I was invited to join Squiggle, an online AFL ladder where mathematical models are compared using three metrics: correct tips (accuracy of win/loss prediction), margin mean absolute error (accuracy of margin prediction), and bits (accuracy of predicting the correct probability of winning). Essentially, we want to maximise correct tips, minimize margin mean absolute error, and maximise bits. I’m super excited to join the Squiggle competition, and can hopefully not come last in everything ;). The mathematics of Bits can be found here, but essentially they’re a measure of how accurate your model is at predicting the probability of a team winning. For example, if Richmond and Carlton were to play each other 100 times, you are trying to predict what percentage of games Richmond would win. Whereas tipping doesn’t account for this (simply a measure of predicting the winning team, but does not take into account the “confidence” in a tip).
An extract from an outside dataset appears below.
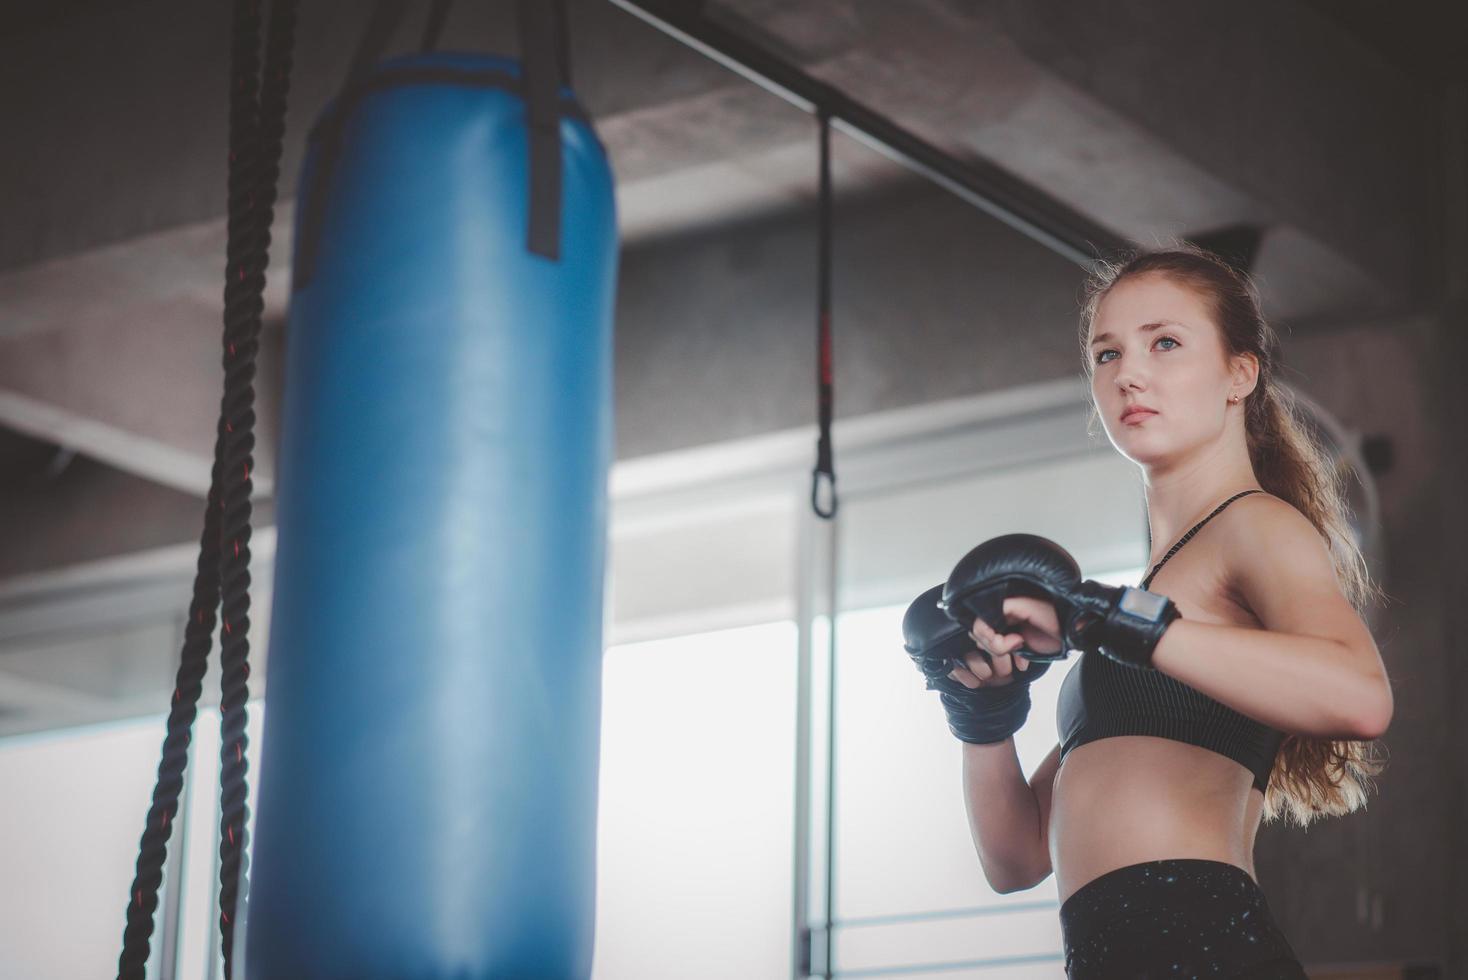 Frauen, die sich darauf vorbereiten, einen Boxsack zu schlagen foto

What I have discovered recently is a few things. That my data contained duplicates of games, and it also didn’t contain all games from every season. After correcting for this, my model predictions have improved quite significantly. I also feature scaled each player’s stats over a game then took the average for both teams, instead of feature scaling over the entire sample. This was done in an attempt to increase the accuracy of who performed better out of two teams in a particular game.
Creating and Comparing Models
We left off with a linear regression model to predict margin, and a logistic regression model to predict the probability of winning. I decided to compare the predictions of both models, as well as a simple support vector machine for classification, using a radial basis function (Gaussian) kernel.
Our entire data set contains the previous 3000 games played (approximately from 2004 to 2019). I split the data set into two subsets, a test set (20% of the most recent games, i.e. all games from approximately the beginning of 2017 to the present) and a training set containing the remaining games (80% of the original set). I then used a shuffle split method to optimize hyper parameters for each model, where for each hyper parameter value, the accuracy was measured by averaging over 100 shuffles. This resulted in consistent hyper parameter values for each model. Note: Technically, whilst optimizing hyper parameters, I split the training set into two disjoint sets for each iteration, one to fit the model (75% of training set size), and one to cross-validate (25% of training set size).
From the linear model, the probability of winning was calculated by assuming that the residuals are normally distributed, with the mean set equal to the expected margin, then simply calculating the CDF to give the probability of winning.
See Table 1 below for comparisons between models. Note: The 2019/18 seasons lie in the test set, and are disjoint from the training and CV sets.
We see that the logistic model is slightly better than the linear model for both tips and bits. The SVC model appears to be only slightly better at tips (66.7%) on the test set than the linear and logistic models (66.2% and 66.5%, respectively), but significantly worse when it comes to bits.
|Model||Bits Test/Train||MAE Test/Train (Margin)||Tips Test/Train (%)||Bits 2019/18||MAE 2019/18 (Margin)||Tips 2019/18 (%)|
What is interesting to note, is that the MAE of the margin in the test set is slightly smaller than the training set. I wouldn’t expect this, but I’ve looked over the code a bunch and I’m confident the training and test sets are disjoint. This could possibly be due to MAE not being a good measure of the models accuracy, or the test set size, or simply (as pointed out by MoS) that some years margins are more predictable overall than others. Here’s an updated figure of the 2019 AFL Season predictions.
I think from these comparisons, it is optimal for me to use the linear model for my margin prediction, and logistic model for probability of winning prediction in order to maximise bits. I will update my predictions using these two models now. It’s also interesting to note the performance of the SVM, and I’ll look into possibly improving it along with looking into other models.
Until next time. Have a peaceful day 🙂